WHAT IS BEING ASKED:
Leave every picture out, and print the full listing again exactly.

DATA EXTRACT:

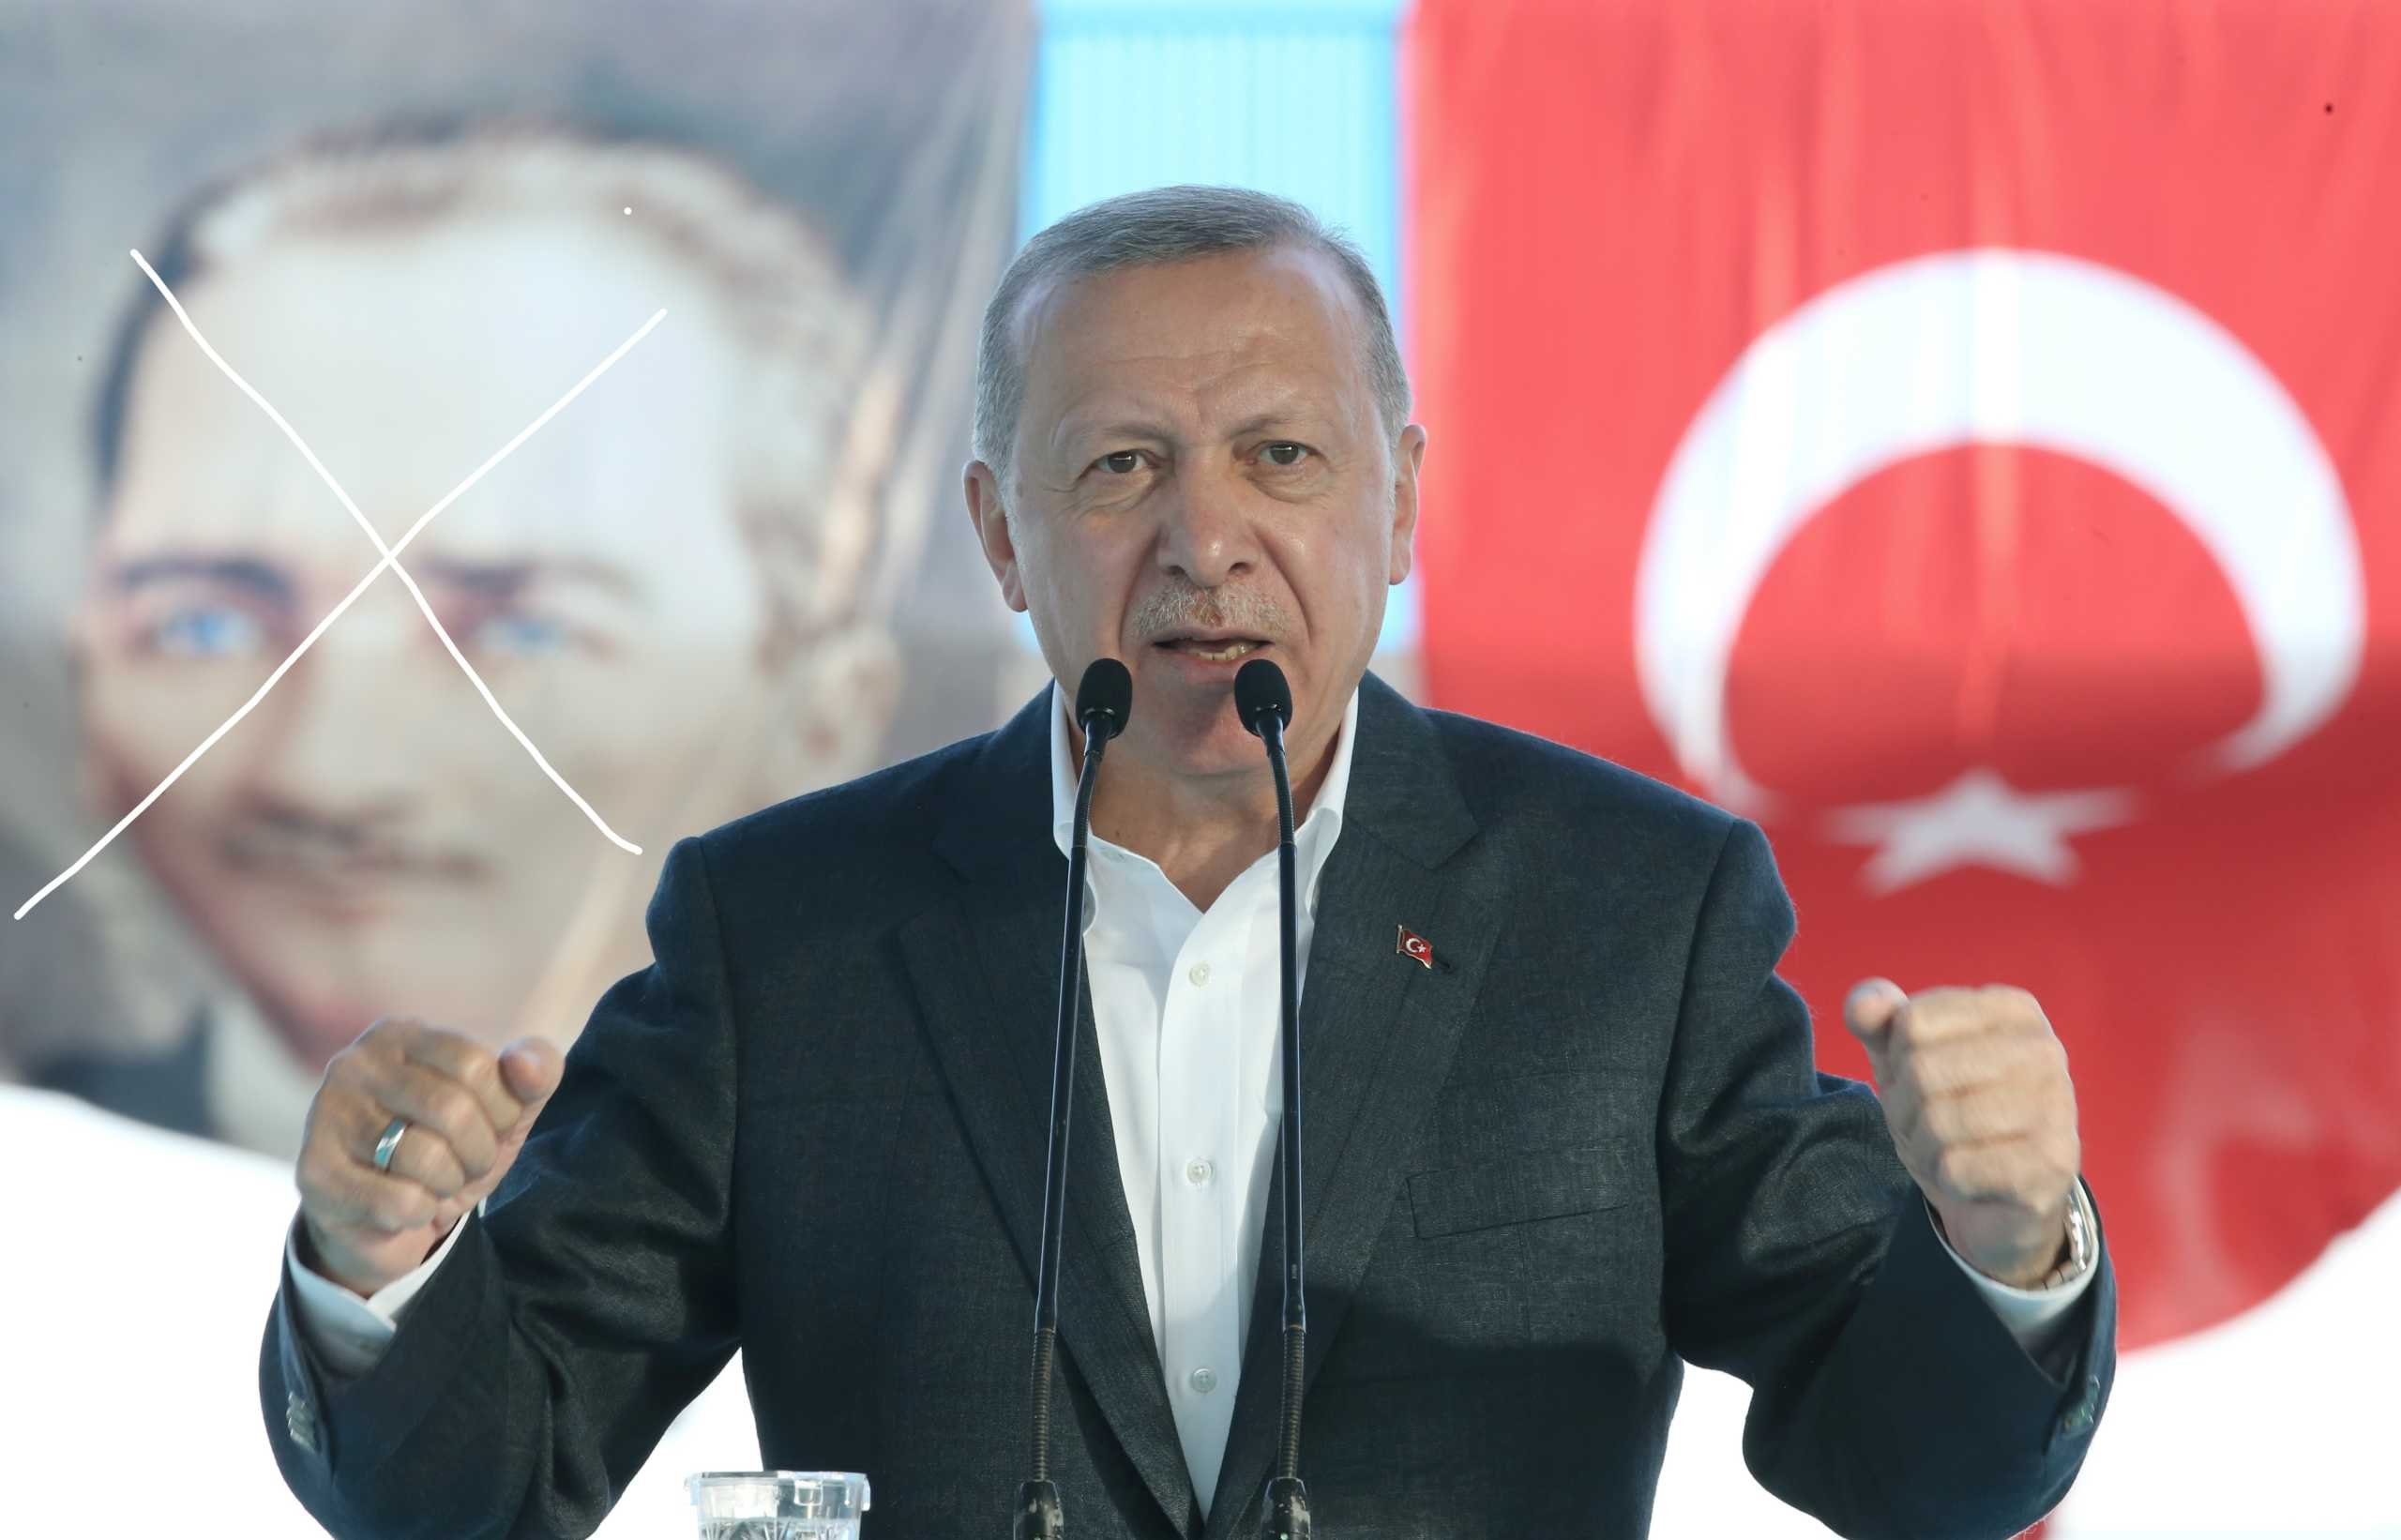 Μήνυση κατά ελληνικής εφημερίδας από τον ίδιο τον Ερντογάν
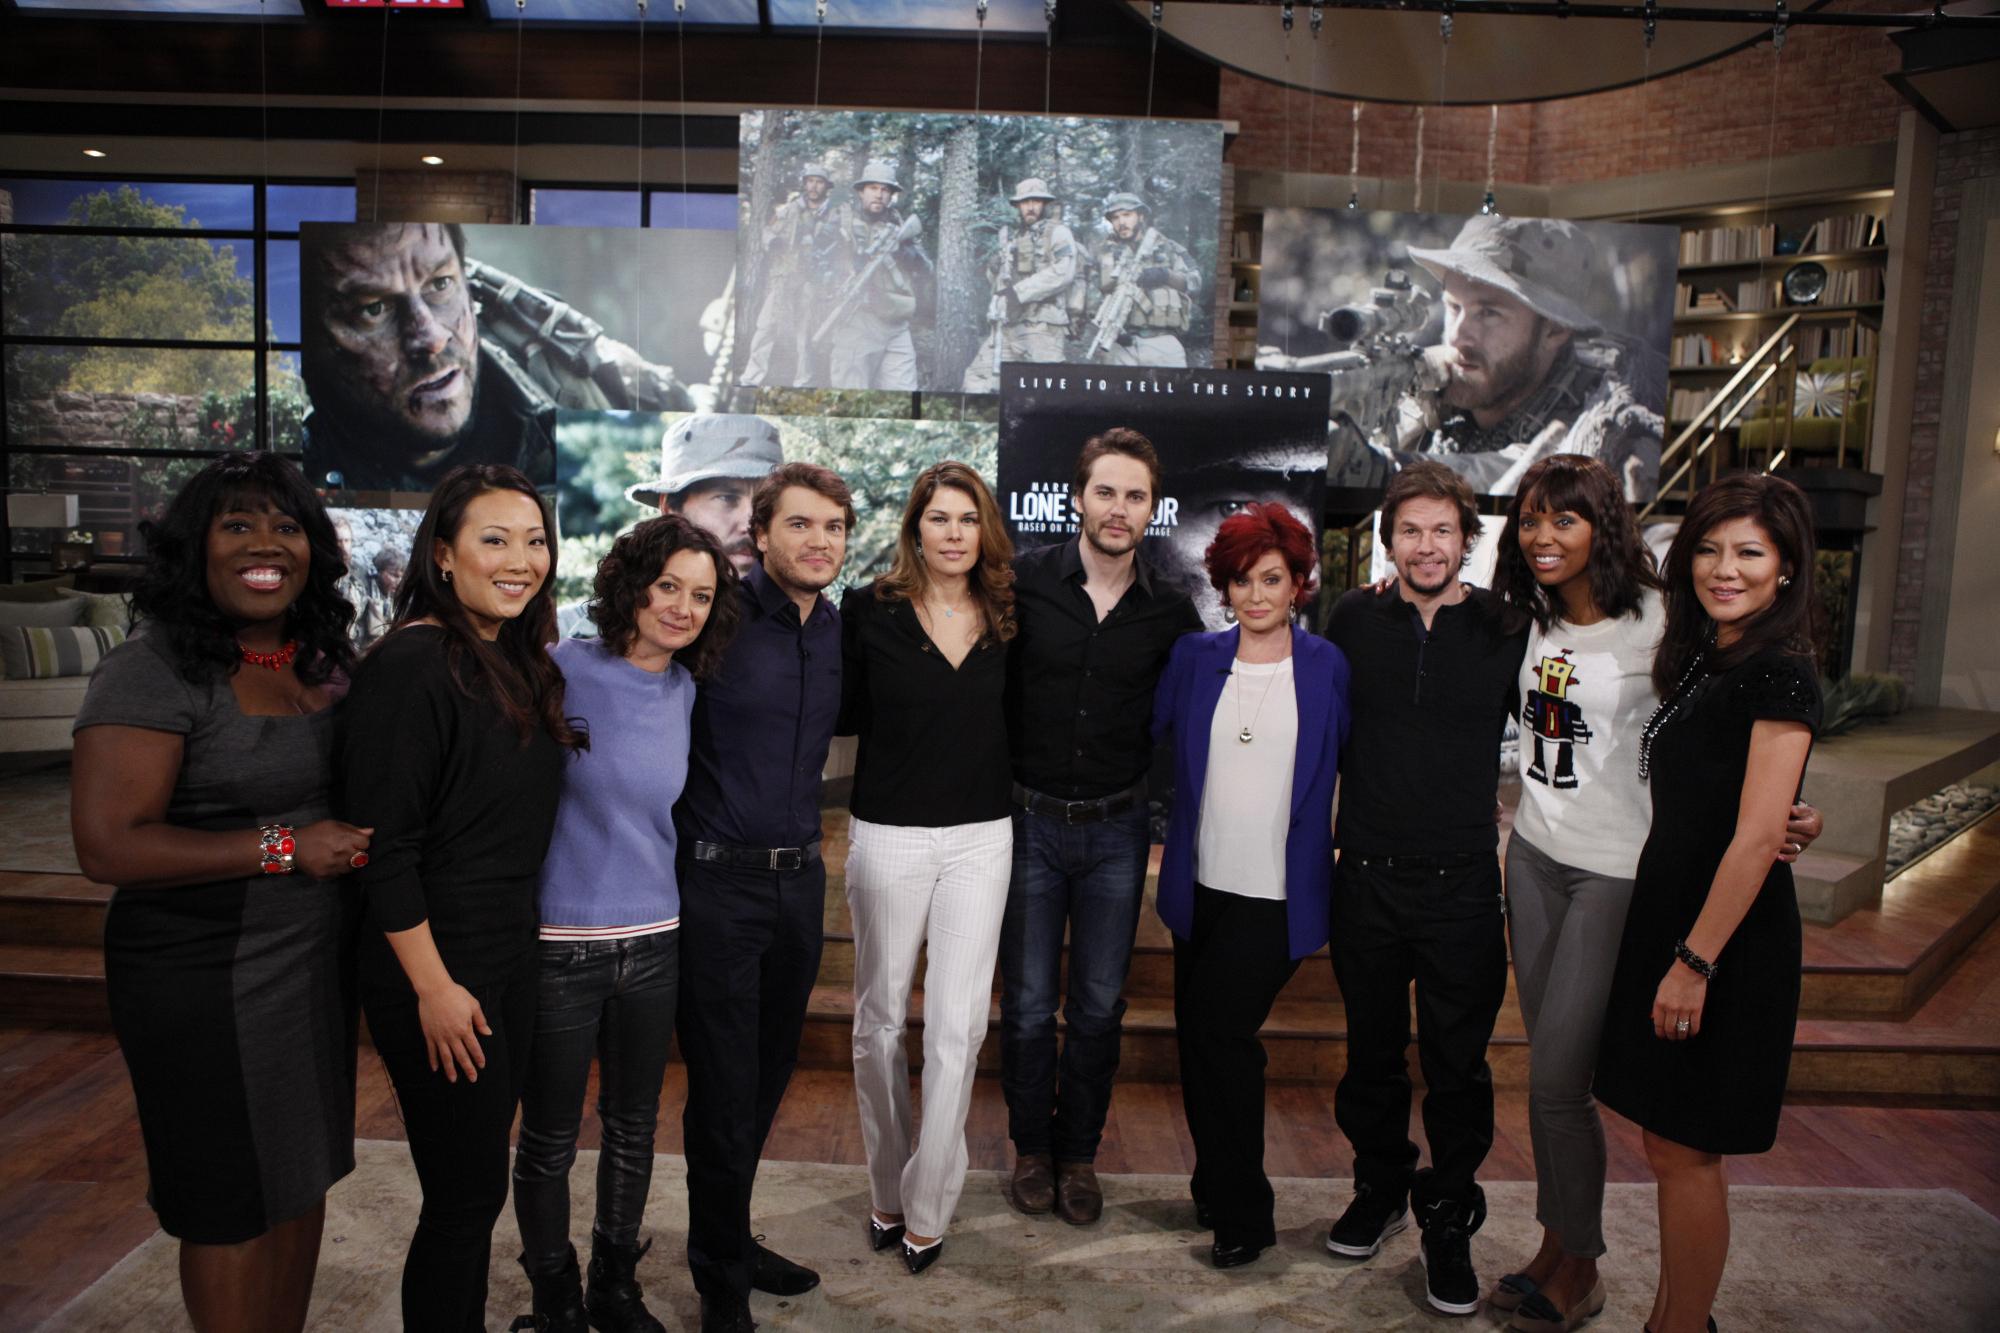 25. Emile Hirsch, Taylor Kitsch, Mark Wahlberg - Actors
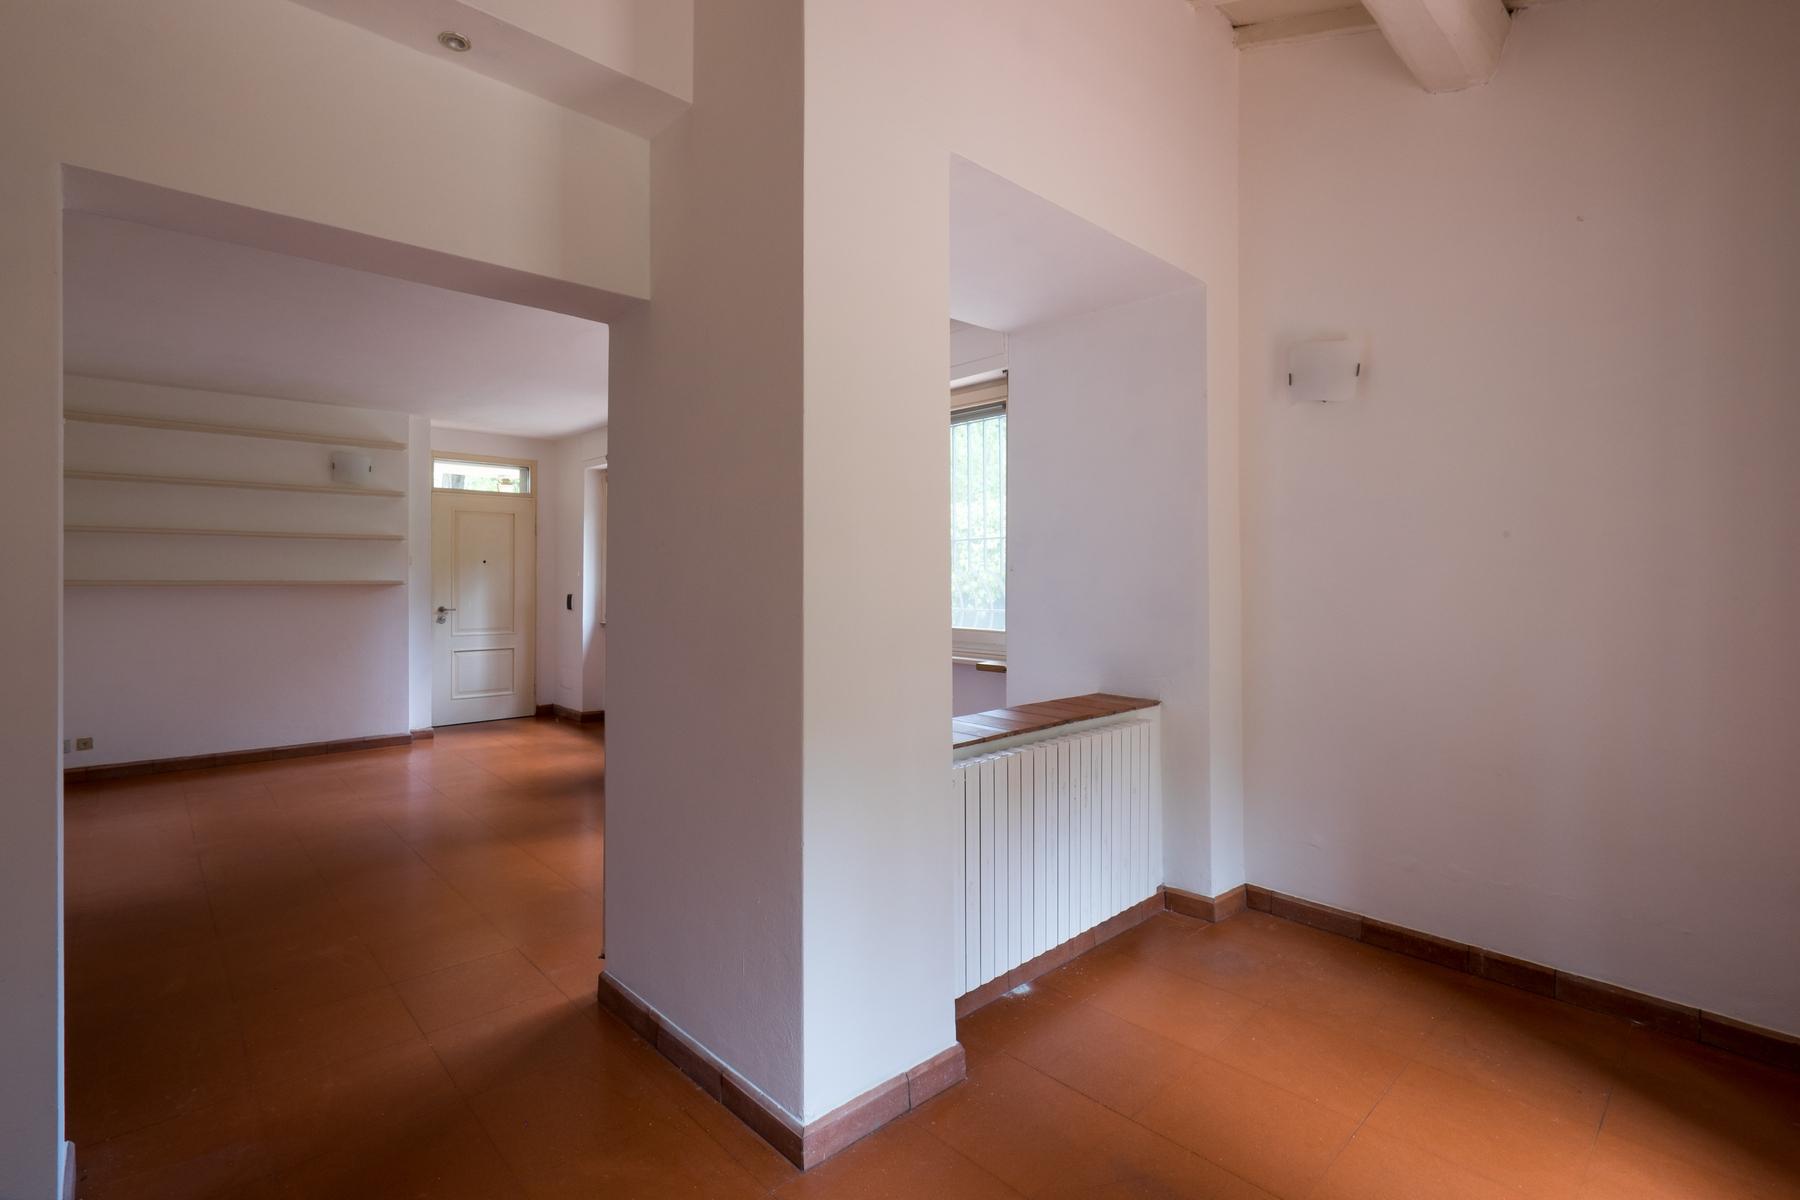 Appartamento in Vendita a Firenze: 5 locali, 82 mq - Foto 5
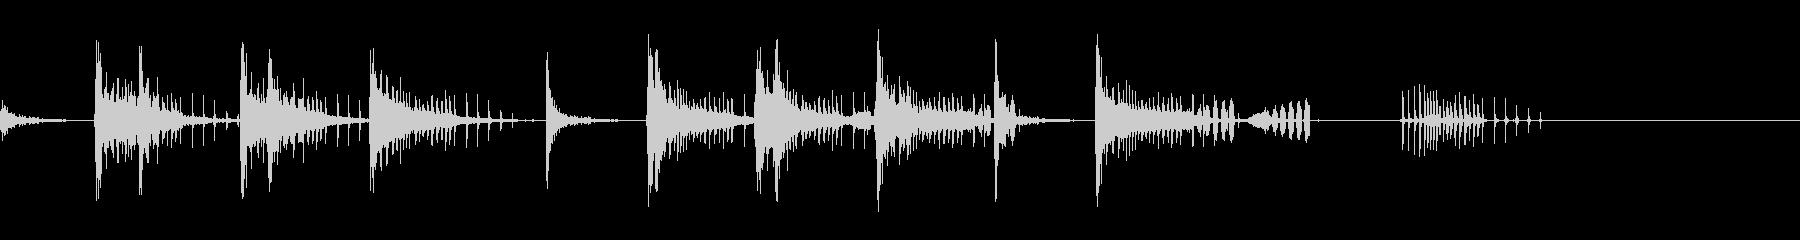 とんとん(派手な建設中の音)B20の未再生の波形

PROBLEM SOLUTION:
 Μήνυση κατά ελληνικής εφημερίδας από τον ίδιο τον Ερντογάν
 25. Emile Hirsch, Taylor Kitsch, Mark Wahlberg - Actors
 Appartamento in Vendita a Firenze: 5 locali, 82 mq - Foto 5
 とんとん(派手な建設中の音)B20の未再生の波形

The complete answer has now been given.